Berlin. Also doch Militärhilfe aus Deutschland für den Irak: Nach anfänglichem Zögern erklärt sich die Bundesregierung zu Rüstungsexporten bereit. Die Armee des Landes soll von der Bundeswehr Ausrüstung für ihren Kampf gegen die IS-Miliz bekommen. Waffen sollen aber nicht geliefert werden - vorerst.

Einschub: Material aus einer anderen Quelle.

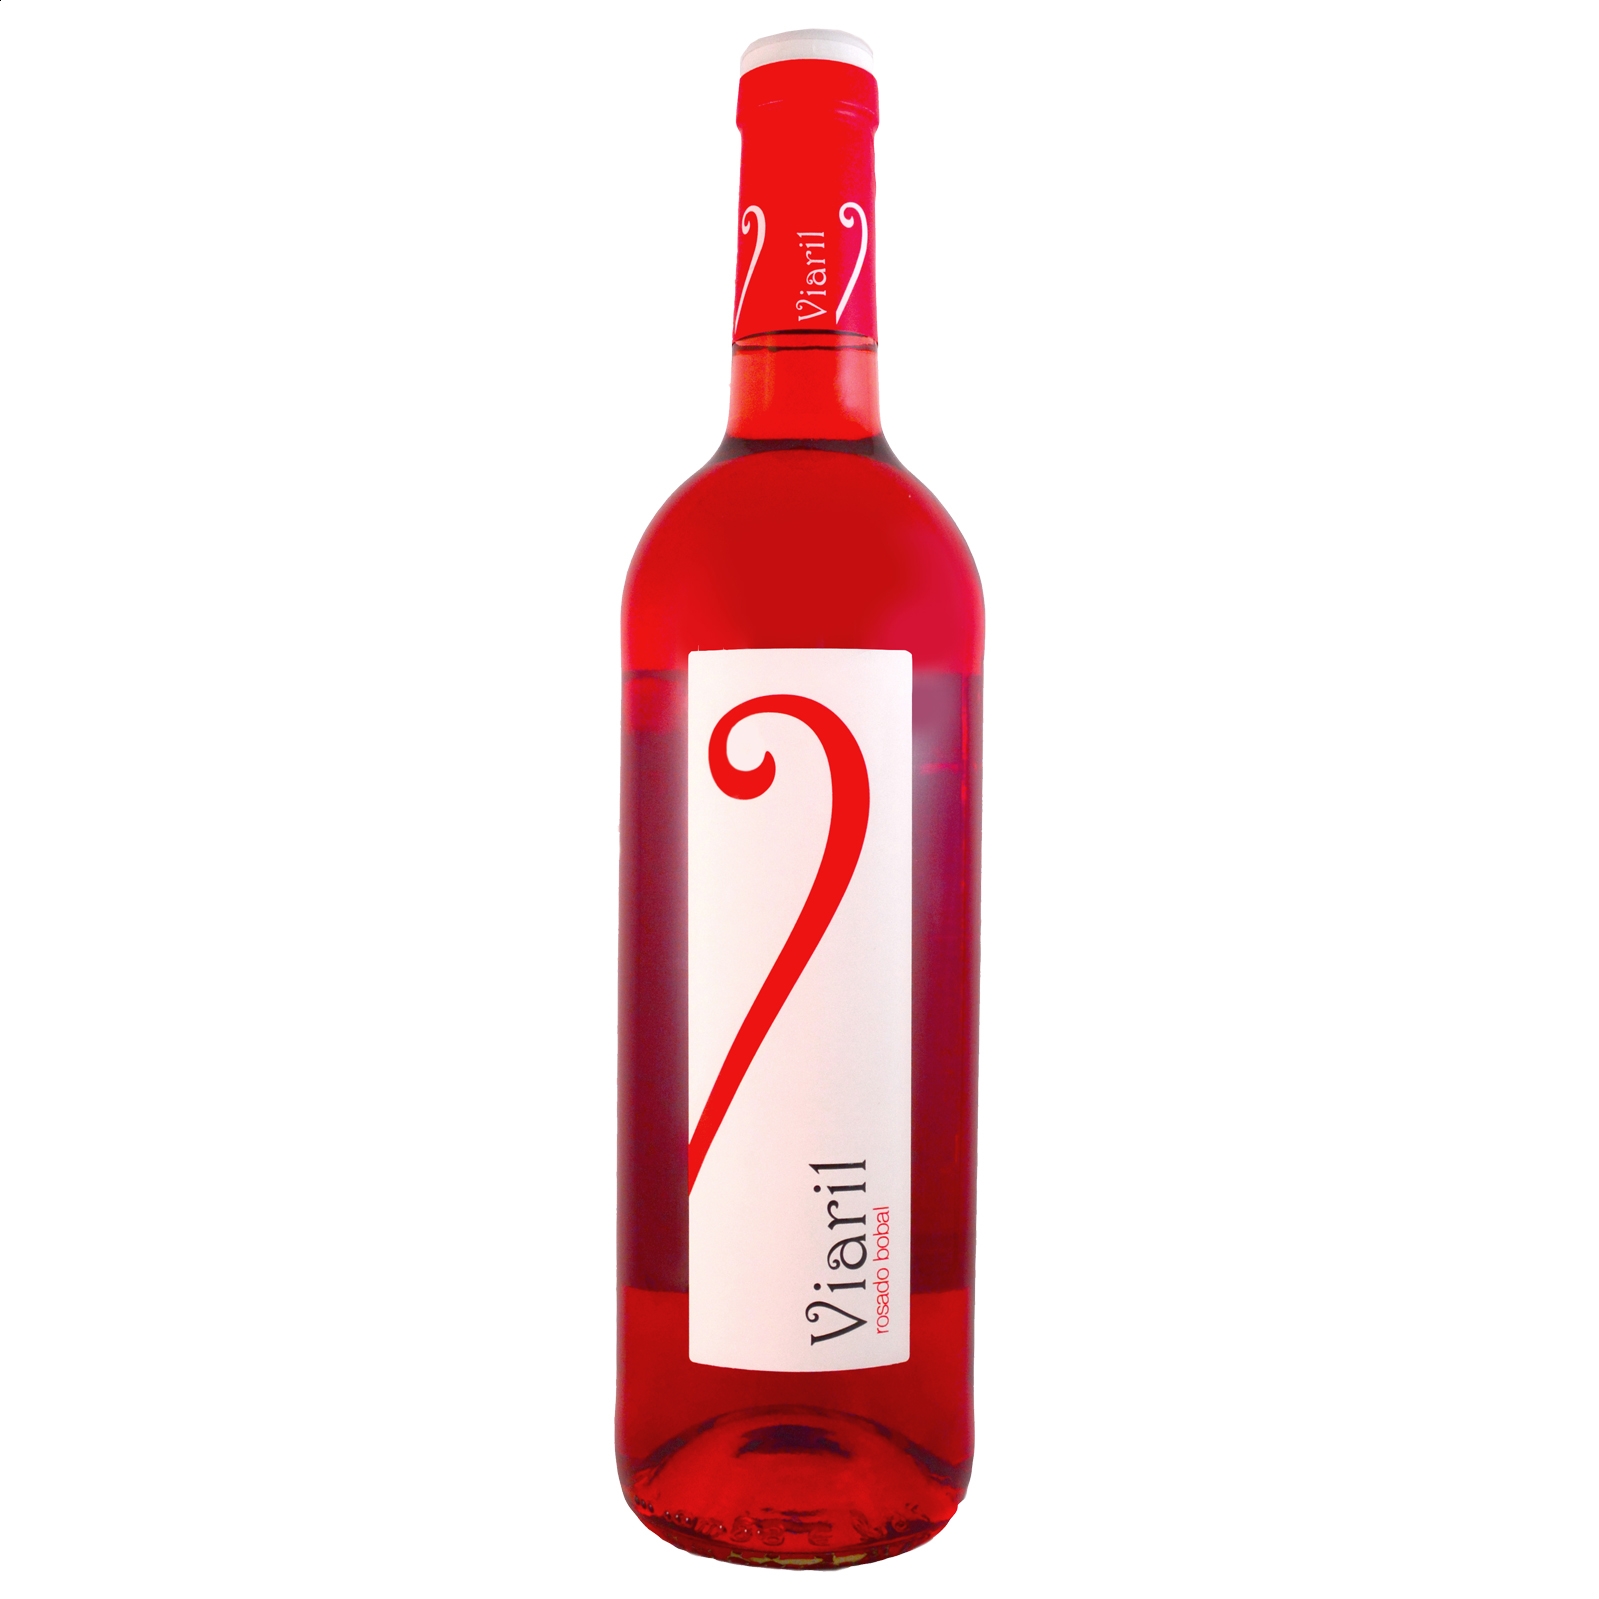 Viaril - Lote variado, vino blanco, rosado y tinto D.O.P. Manchuela, 75cl 3uds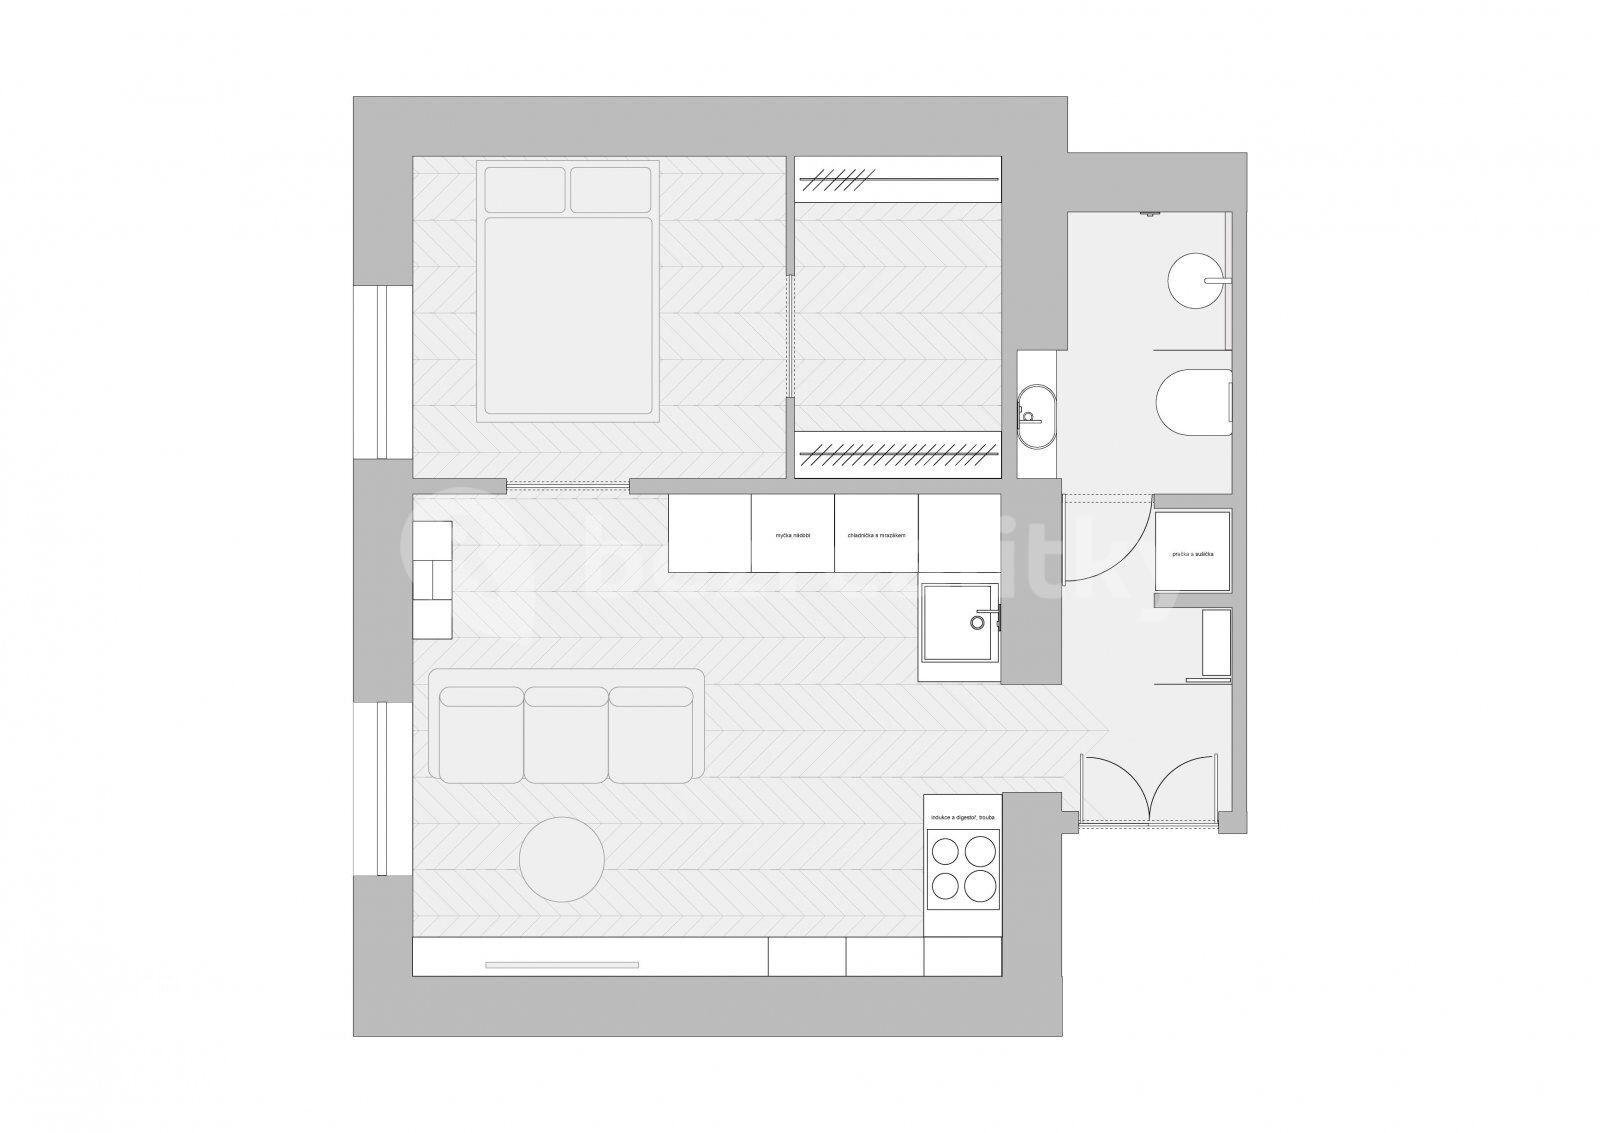 Pronájem bytu 2+kk 46 m², 28. pluku, Praha, Praha

Die Bundesregierung will die irakische Armee im Kampf gegen die Terrormiliz IS mit Rüstungsgütern wie gepanzerten Fahrzeugen und Sprengfallen-Detektoren unterstützen. Sie sollen aus Bundeswehrbeständen kommen und unter Beteiligung der deutschen Luftwaffe so schnell wie möglich ins Krisengebiet geschafft werden, wie Verteidigungsministerin Ursula von der Leyen (CDU) am Dienstag in Berlin sagte. Auch Waffenlieferungen schließt die Bundesregierung nicht mehr kategorisch aus.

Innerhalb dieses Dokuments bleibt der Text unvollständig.